I still say; who's willing NOW to come forward, like wrestling guy, and discuss their attitudes towards the subject of this discussion? The most that gets me going out of the options are some of the embarassing aspects, particularly the tight clothes, but that's just my weight gain fixation talking.


----------



## KHayes666 (Jul 3, 2008)

ripley said:


> This made me laugh so hard, honey. You really need to clean your own house before talking about the dust in mine, dear.



I think she was referring to me.....


----------



## olwen (Jul 3, 2008)

LoveBHMS said:


> ....The Weight Board can not be private, we already know that. But can you understand how it's difficult for some of us to wish to engage in discussions of our sexuality while being told that we have to be on display because it's helpful for somebody else to watch?



***TMI ALERT***

I do understand where you're coming from on this. I do. Last weekend, one of my friends asked to come with me and some other friends to an SM club. My initial reaction was "No, I don't want you gawking at me or anybody else or making ugly faces at us." But then I changed my mind cause I realized she wasn't just asking out of idle curiosity.
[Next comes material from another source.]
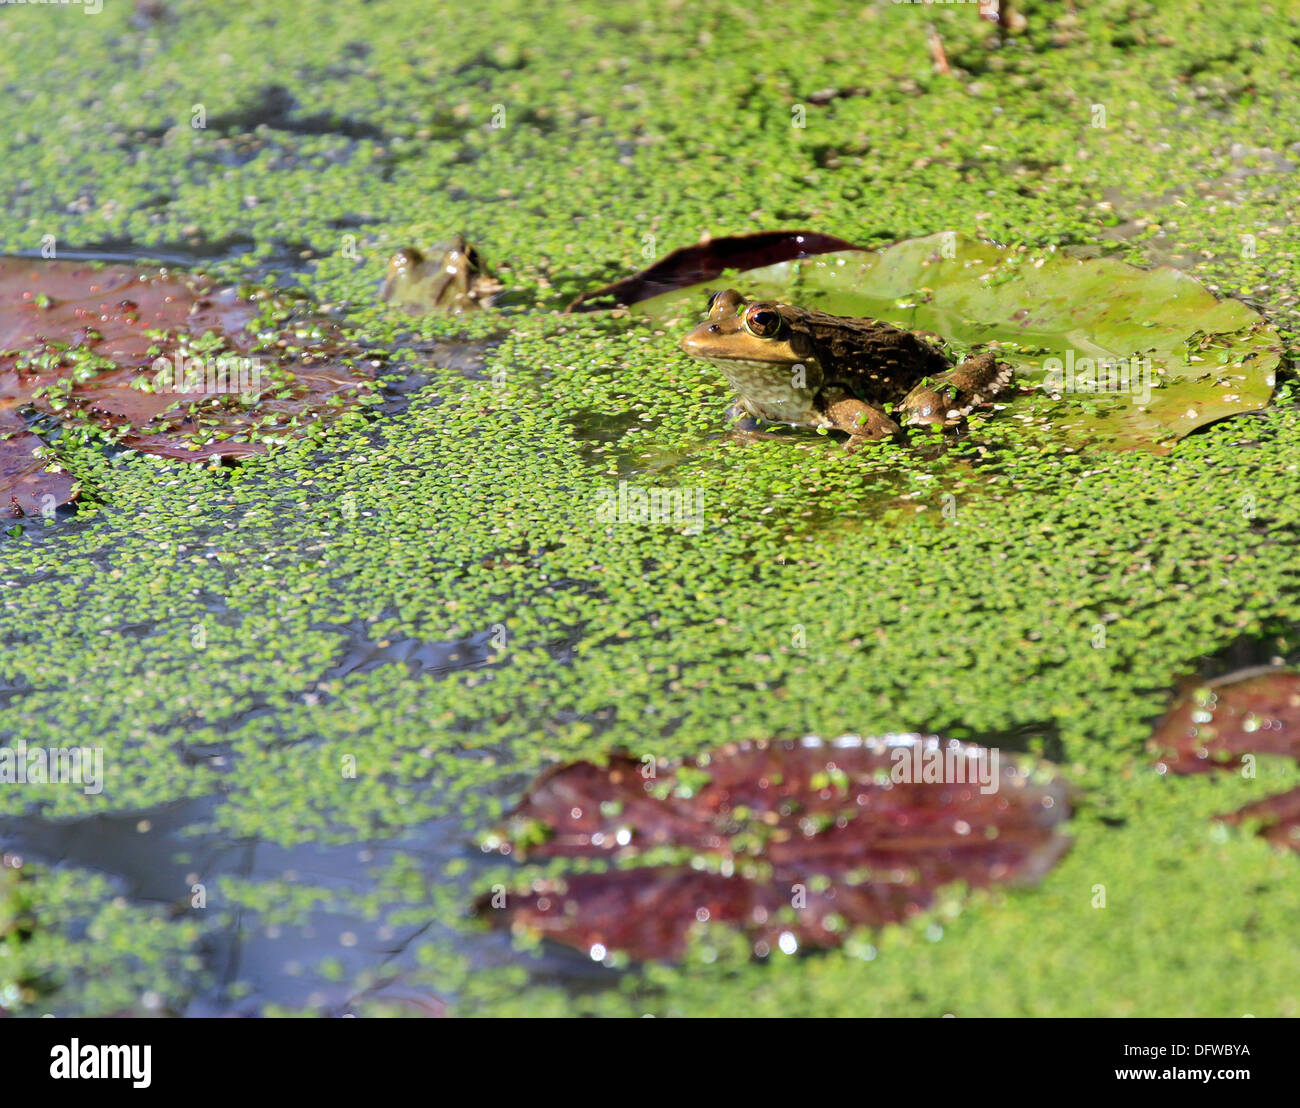 Amietia fuscigula (Cape River Frog) in a  pond with duckweeds in the gardens of Vergelegen Wine estate in the Cape winelands. Stock Photo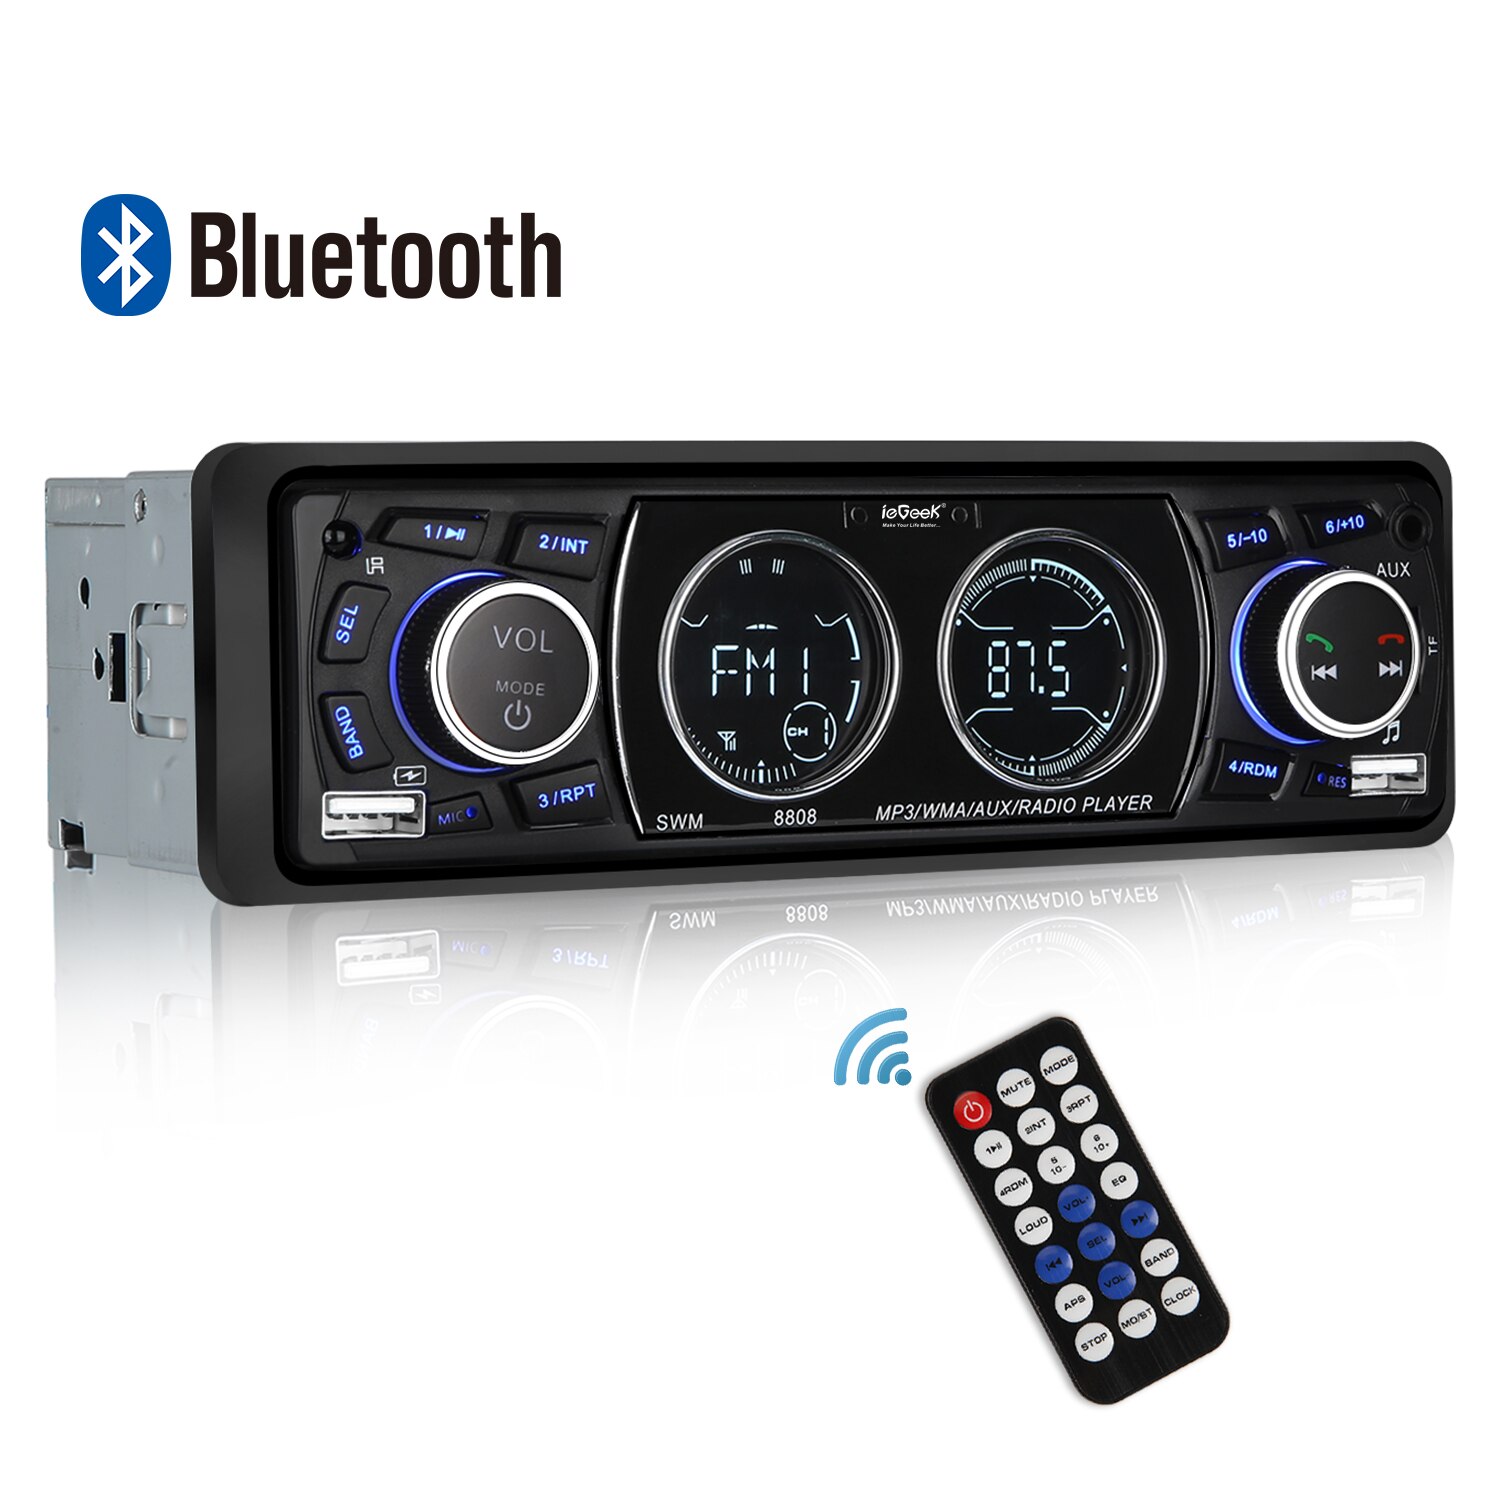 Bluetooth Auto Speler Fm Radio Lcd-scherm Stereo MP3 Speler 1DIN In-Dash Car Audio Muziek Dual Usb Sd aux Handsfree Bellen

She really wanted to understand what we do. She wanted to understand me better too, and you know what? I'm glad she came because it turned out that her ideas about what we do were all negative and decadent (in a skeevy way) and had absolutely nothing to do with what we actually do there. She said going with us opened her eyes and she was surprised at her level of ignorance going in. The thing about that place too is that the people there are usually fairly happy to talk to novices and people who are curious. She saw a lot of things she wouldn't do, and even some she would and she even went so far as to participate in a scene with us. It was good all around and we all had a good time. 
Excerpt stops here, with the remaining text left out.